Effect Size: What It Is and Why It Matters

Imagine you run an A/B test on your website and get a “statistically significant” result (p < 0.05). You celebrate, roll out the new design, and... nothing noticeably changes. What went wrong? You found a real difference, but it was so tiny that it didn't matter in practice. This is where effect size comes in.

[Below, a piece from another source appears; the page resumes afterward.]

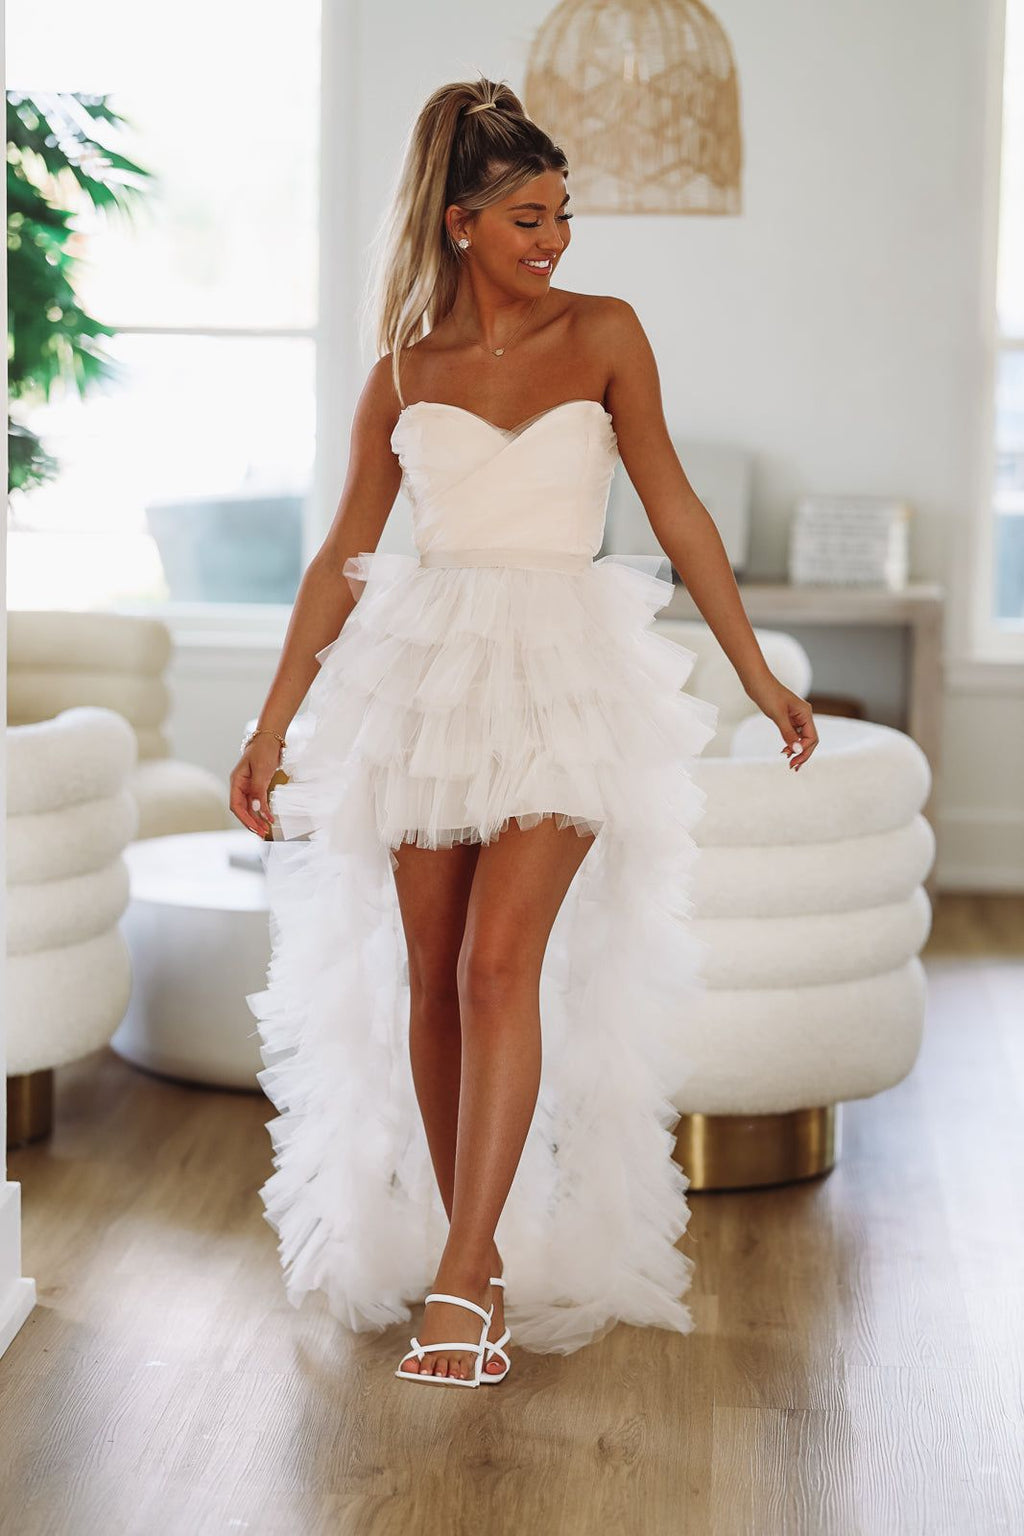 white dress for bridal shower
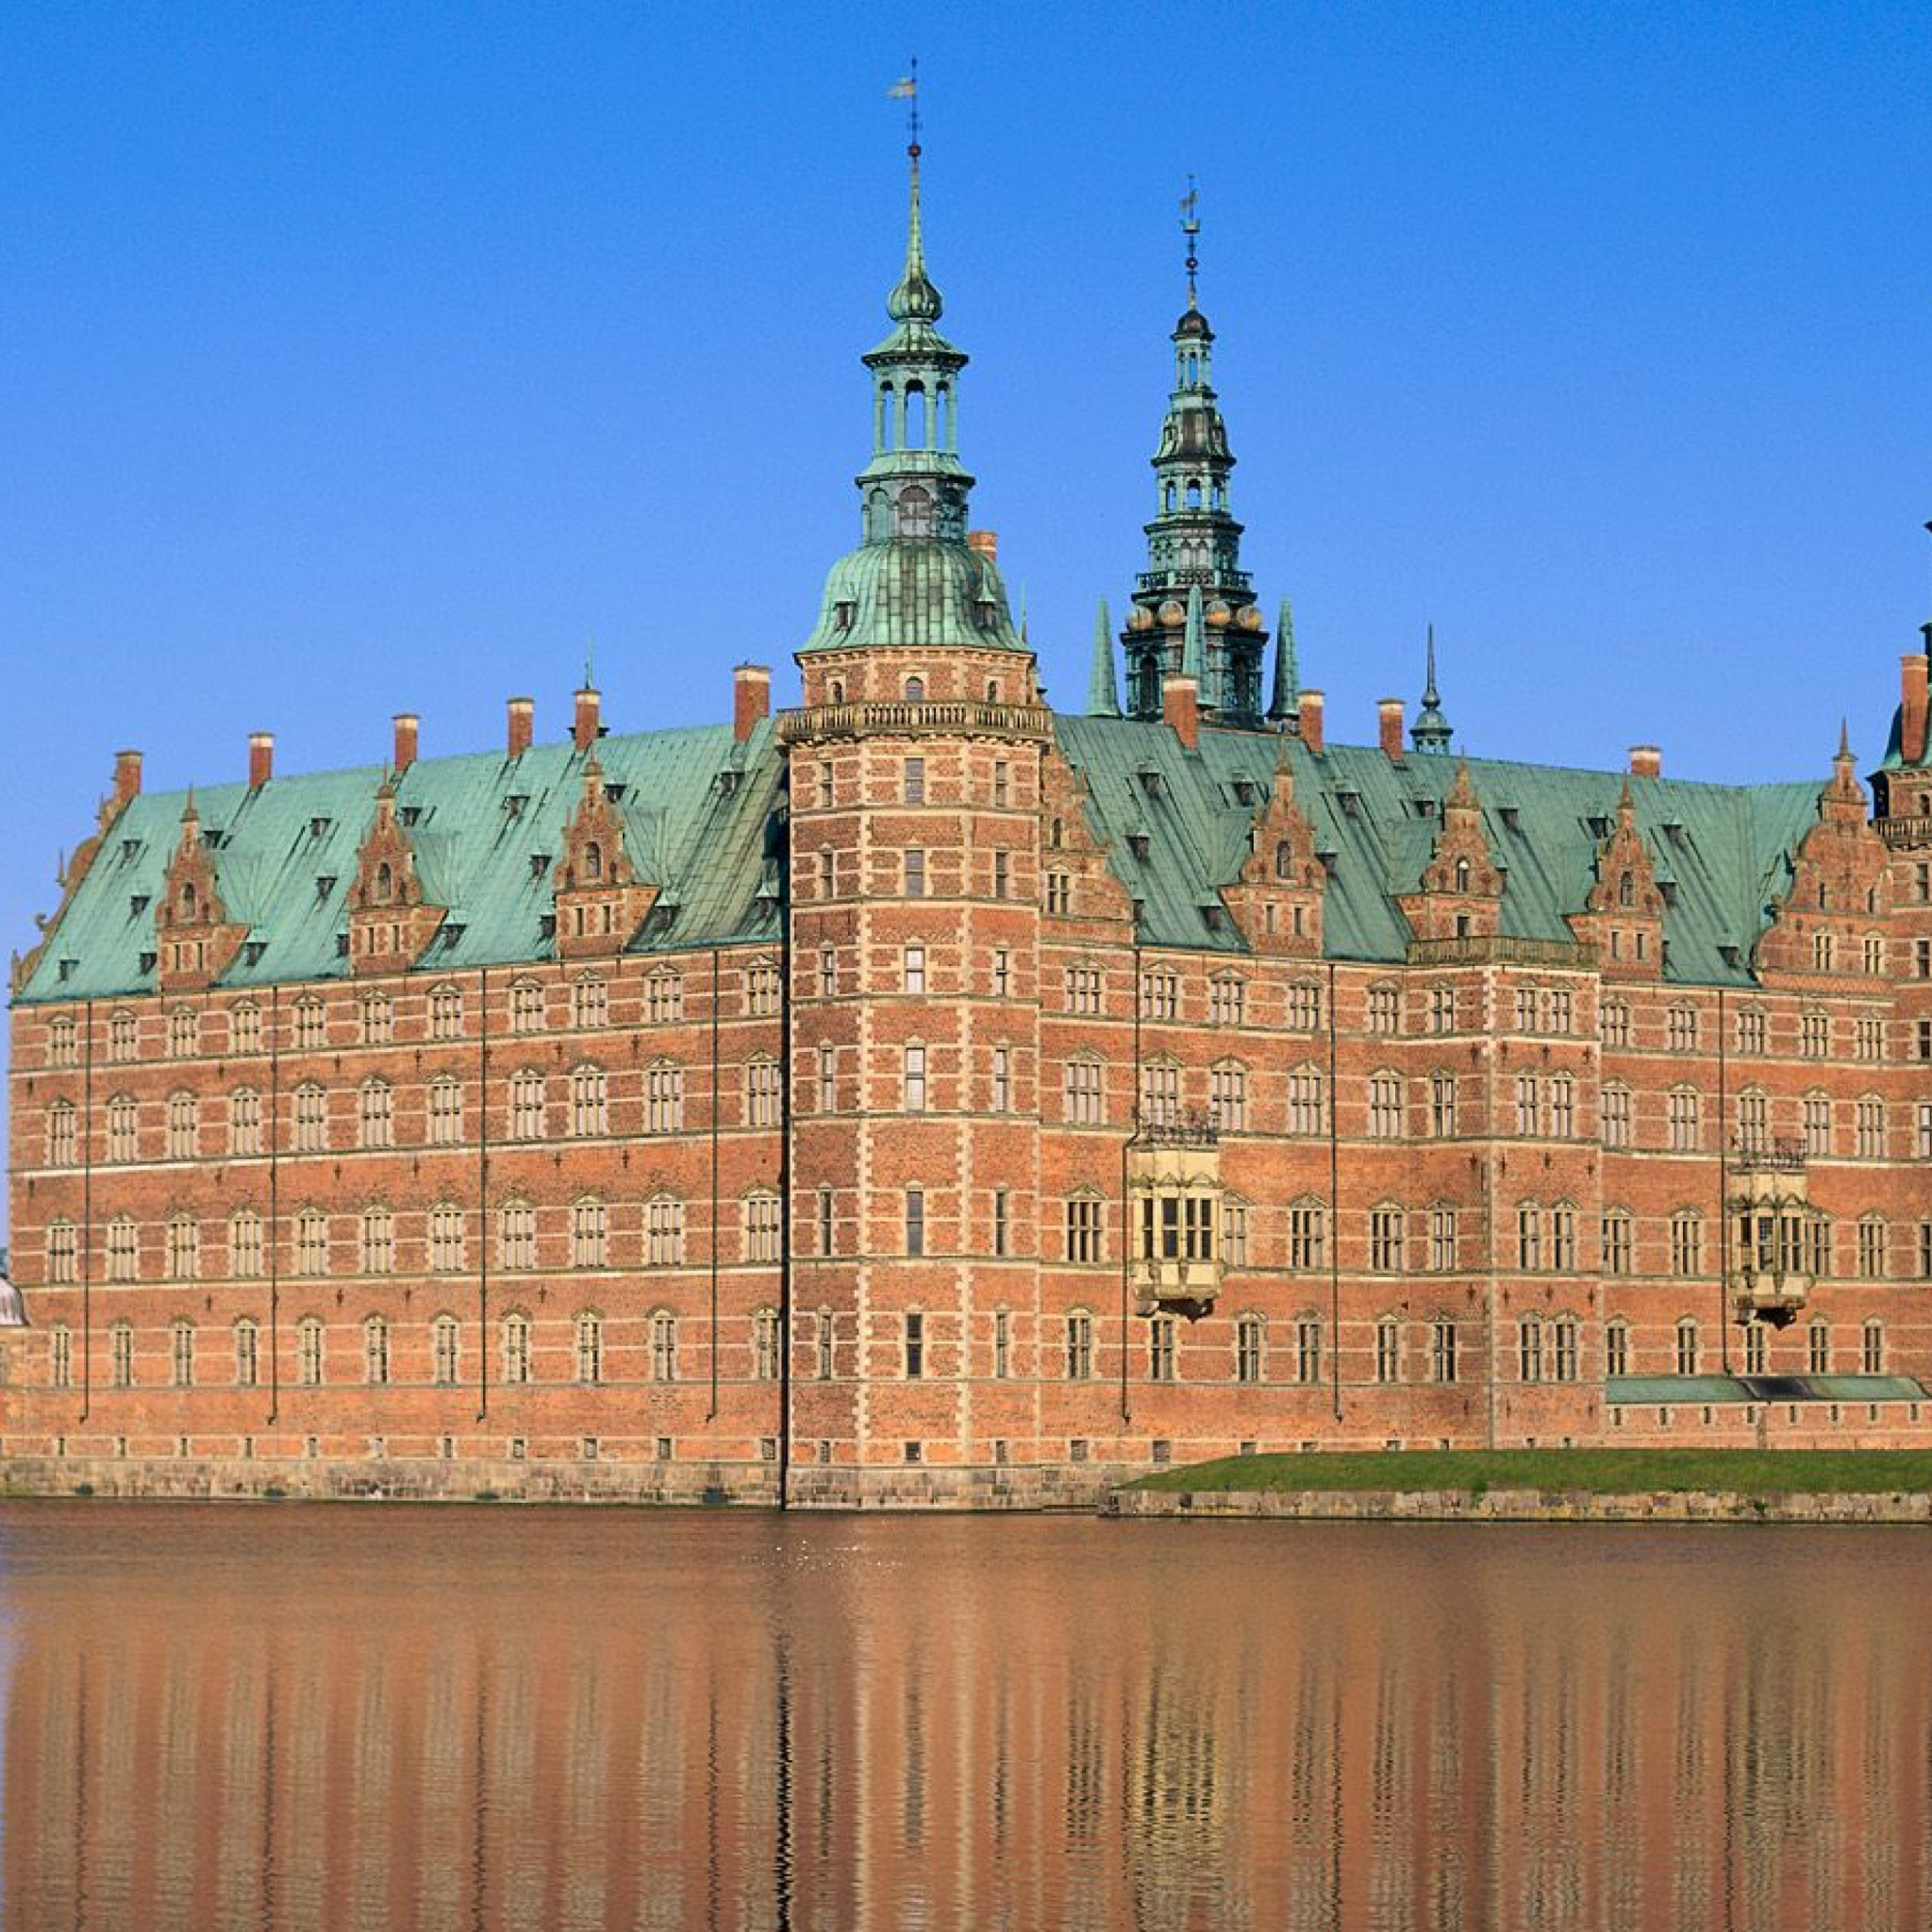 Достопримечательности каждых стран. Дворец Фредериксборг Копенгаген. Замок Фредериксборг (г. Хиллеред).

Effect size measures how big a difference or relationship actually is, not just whether it exists. While p-values tell you “is there an effect?”, effect size tells you “how large is the effect?”. In this tutorial, we'll explore what effect size means, the most common measures, and why every researcher should report it.

What Is Effect Size?

Effect size is a quantitative measure of the magnitude of a phenomenon. Unlike a p-value, which simply tells you whether an observed result is unlikely under the null hypothesis, effect size tells you how much two groups differ, or how strongly two variables are related.

Think of it this way: if a doctor tells you a new medication “works” (p < 0.05), your next question should be “how well does it work?”. Does it reduce pain by 1% or by 50%? That's the question effect size answers.

Statistical Significance vs. Practical Significance

Statistical significance (p-value): Is the effect real, or could it be due to random chance?
Practical significance (effect size): Is the effect large enough to matter in the real world?

A result can be statistically significant but practically meaningless (especially with large samples), or practically important but not statistically significant (especially with small samples).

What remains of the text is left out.